Well, the good thing I can say today is that there are just 2 more weeks left of my first trimester and then supposedly all of the nausea, the tiredness etc. is going to vanish into thin air (only to return during the third trimester). If people are lying to me about this little tidbit boy am I going to be mad - or I'll just cry (which is probably the more likely of the two).
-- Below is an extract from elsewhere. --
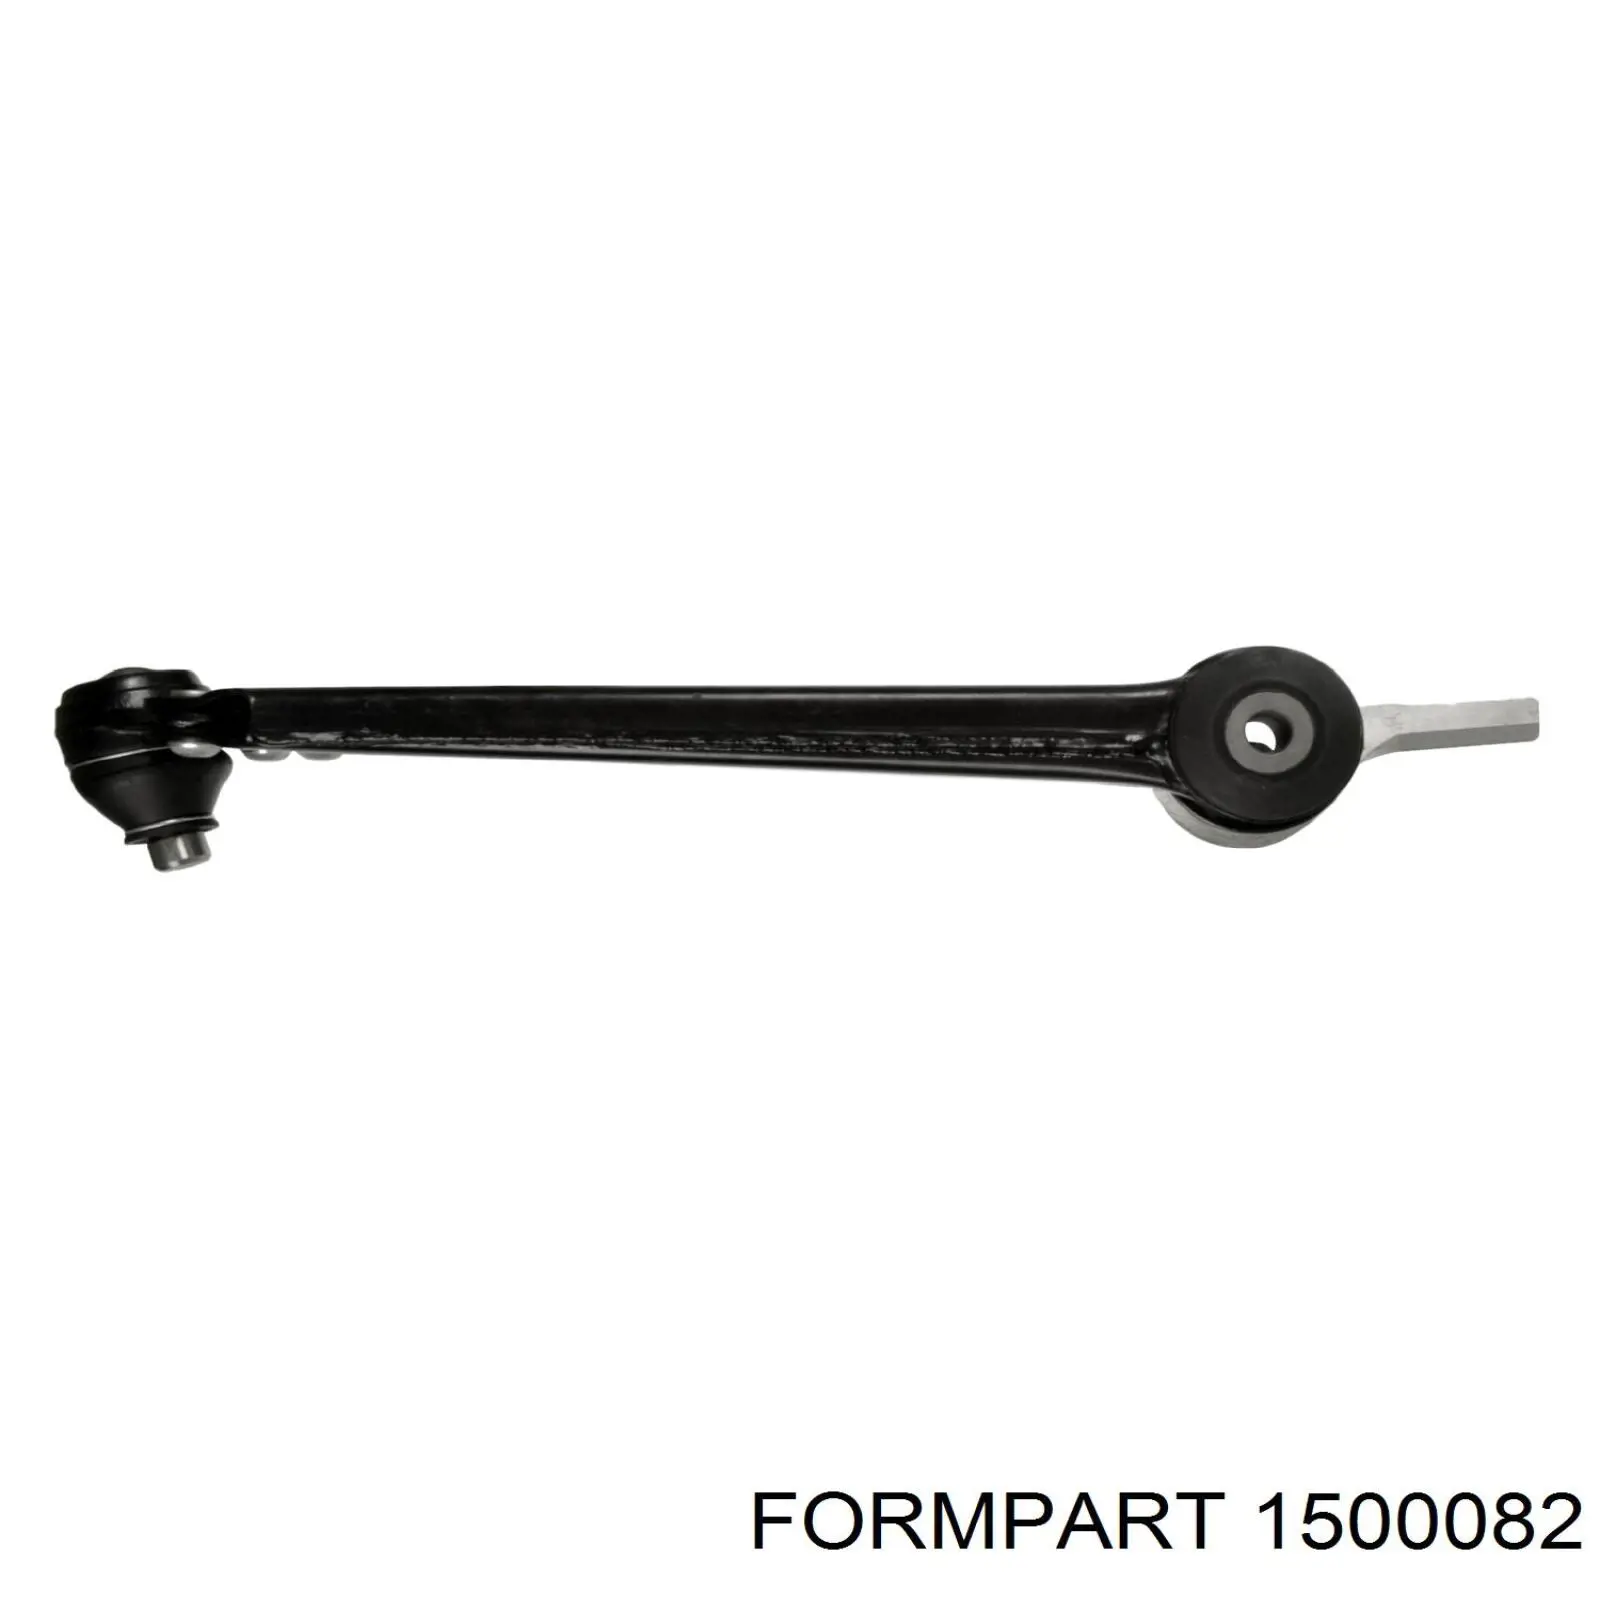 1500082 Formpart/Otoform silentblock de suspensión delantero inferior

The one thing I guess I'll just have to get used to is my out of control emotions. I have two extremes and good examples of both. First extreme - crying (maybe more like sobbing), my poor husband gets to see this extreme. Case in point, last night we got done with dinner and we were standing in the living room he said something to me joking around - my reaction - WAAAAAAAAAAA! I can't even remember what he said - all I know is that the first words out of
MY mouth were - "I meant to laugh, but I cried instead" (said through tears and sobs). I seriously can remember thinking whatever he said WAS funny. I really did mean to laugh - I really have
NO CLUE why I cried.
Next Extreme -
ANGER - thankfully, I do not think my husband has experienced this yet. One person has. There is a person at work I find beyond annoying - we'll just call him bird man (he makes weird chirping noises all day long and whistles a lot). So he makes stupid jokes or comments a lot as well. Now he makes dumb jokes about my pregnancy, whether he pokes fun at something I am eating or my trips to the restroom, etc. He said something dumb yesterday (again, can't remember what) and I remember looking right at him - giving him a death look and rolling my eyes. He then kept pushing, "I was just joking, jeez, I guess you just can't joke with the pregnant woman." And I snapped "My pregnancy is none of your concern, that joke was just plain dumb". Well it shut him up, but makes me feel like a jerk (for a brief period, trust me when I say Bird man deserves it!)